Man, everyone is totally against me at this point but I'm gunna continue with this debate. 

I still disagree with teaching beginner turns using the lower body. The way that I teach my students is to look where you want to go. However, I will make them overexaggurate that. For example, if your regular footed, on your heel edge, and you want to make a turn, I will tell them to slowly look to the right, and don't stop looking, until your looking uphill. And once they are looking up hill, their hand will also point uphill. CASI does not teach us to overexaggurate turns, but this method that I've pretty much invented works like a beauty for me. If my student does this correctly, there is no kicking of the backleg. I have never ever had a student do that in my 5 years of instructing. Sure, they will fall, but the most common reason of my students falling is that they don't put enough pressure on their front foot which is normal, I did that too when I learned how to snowboard. Anyhoo, thats the way that I teach, it works for my students, regardless if you think its wrong or not, I'm gunna keep on teaching that way. 

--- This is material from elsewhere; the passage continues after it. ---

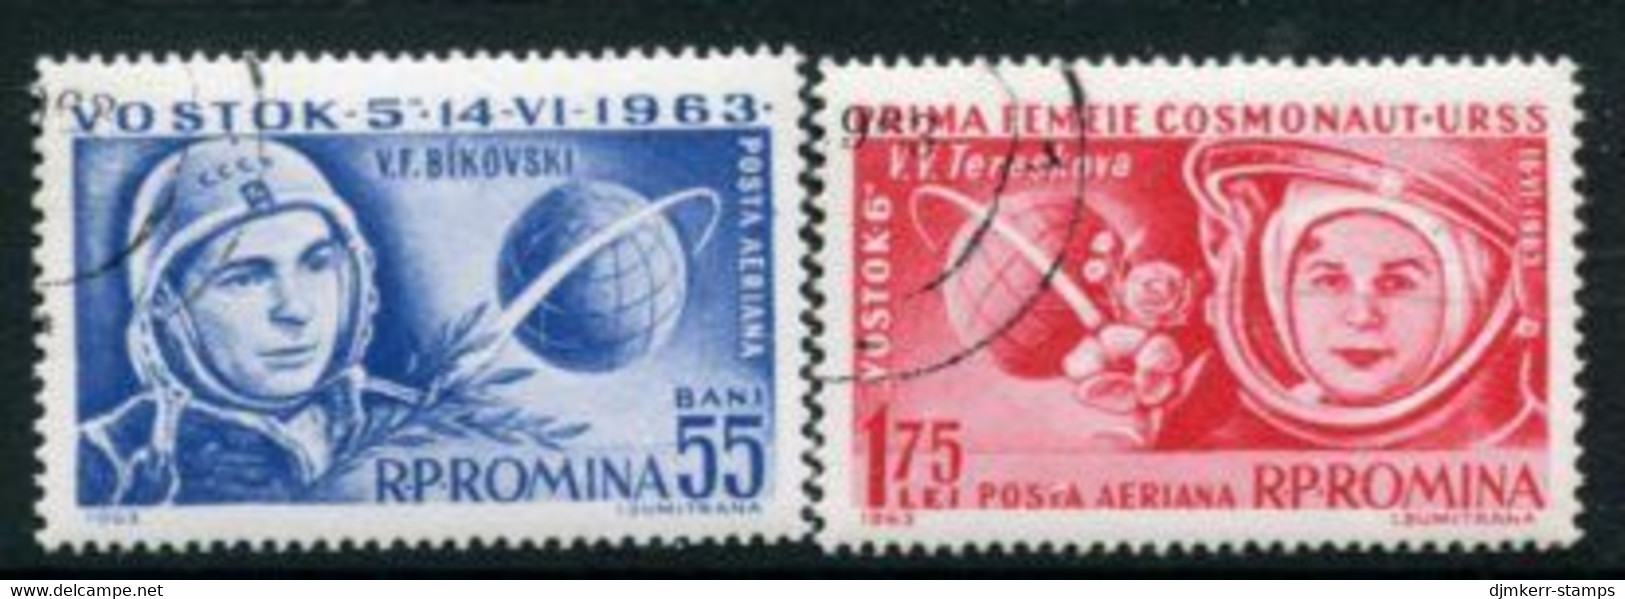 ROMANIA 1963 Vostok 5 And 6 Space Flights Used.  Michel 2171-72 - Gebraucht

Also, I am definitely not saying that your method of teaching is wrong. As you said, CASI and AASI have pretty different views of methods when it comes to teaching.


----------



## Guest (Mar 13, 2010)

I can agree with you 100% that going down steeper terrian, you'll definitely need to initiate using the lower body. Thats for sure. But what I'm saying, is that when your first learning how to turn, that is how I will teach it. I will only take my students to a green hill once they are able to do beginner turns. I'm talking I wanna see your turn without falling and looking and feeling confident. Once I take a student to a more advaced hill from the bunny hill, I will teach them how to use their lower body. It is important to use your lower body, but teaching a never ever how to turn with the lower body is something I have never even heard of up until I joined this site.


----------



## Guest (Mar 13, 2010)

I honestly find that interesting. I kinda understand the AASI method, but I'm still rather true to the CASI technique.


----------



## Guest (Mar 13, 2010)

The AASI way of teaching doesn't make much sence to me, but then again the CASI way probably doesn't make as much sence to you either. 

The bunny hill at the resort I work at is rather perfect for beginners 









Its long enough, the very top is steeper than the rest of the pitch, so students who want challenge, I'll have them turn from the very top. We've only got 1 green hill and the pitch of it is the same pitch as the top of the bunny hill. The resort I work at is bloody tiny but it does have a lot of variety.

ps, thats me doing my thang = ]


----------



## Guest (Mar 14, 2010)

Mere said:


> Man, everyone is totally against me at this point but I'm gunna continue with this debate.


i'm not against you, i have a difference of opinion - there's a huge difference.

if you use upper-body rotation as the primary movement used to initiate the turn, what do you do when a student isn't getting it? do you have them rotate more? more forcefully?

alasdair


----------



## Guest (Mar 14, 2010)

alasdairm said:


> i'm not against you, i have a difference of opinion - there's a huge difference.
> 
> if you use upper-body rotation as the primary movement used to initiate the turn, what do you do when a student isn't getting it? do you have them rotate more? more forcefully?
> 
> alasdair


Like I said, I have my students overexaggerate their turns. Doing this will for sure initiate the turn. As I also mentioned, I have them look UP the hill and point their hands UP the hill. Doing this will also have the person come to a complete stop after completing the turn. I like having them do that so that they can think about how to do their next turn, and it also prevents them from doing donuts/ 360's down the hill.


----------



## Guest (Mar 14, 2010)

^ but what do you do if they are rotating and, for some reason, that's not getting them turning? what do you do next?

alasdair


----------



## Guest (Mar 15, 2010)

alasdairm said:


> ^ but what do you do if they are rotating and, for some reason, that's not getting them turning? what do you do next?
> 
> alasdair



If the person is looking in the direction they want to go, and they are pointing, nothing can go wrong. What I find that most people have difficulties with when it comes to turning is putting pressure on their front foot. And what I do to make them put more pressure on their foot is a little harsh, but it works like a charm. I will get them to think of someone they don't like, and I'll have them imagine that their fingers are underneath their front foot, and you wanna squish their fingers. Thus, they put a lot more pressure on their front foot and the turn is successful. 

If you are rotating and doing everything correct, there is no reason that the person wouldn't be able to complete the turn.


----------



## Guest (Mar 15, 2010)

Mere said:


> ...nothing can go wrong.


right.

alasdair


----------



## jlm1976 (Feb 26, 2009)

*It depends.....*

I think that in teaching snowboarding, especially to beginners, you can't have a stock lesson. Everyone learns differently, and different movements come naturally to different people. For some people, hip rotation comes really naturally while others like foot steering. As an instructor you should be prepared for this and be ready to adapt your lesson accordingly. 
For me personally, I don't really talk much about body movments in a beginner lesson. I tell them what they need to make the board do and let them work out how to make it happen. As long as the board is doing what it is supposed to, it's all good.


----------



## Random Hero (Sep 30, 2008)

No one listen to Mere, she's dating a skier. Thus she has no clue what she's talking about.


----------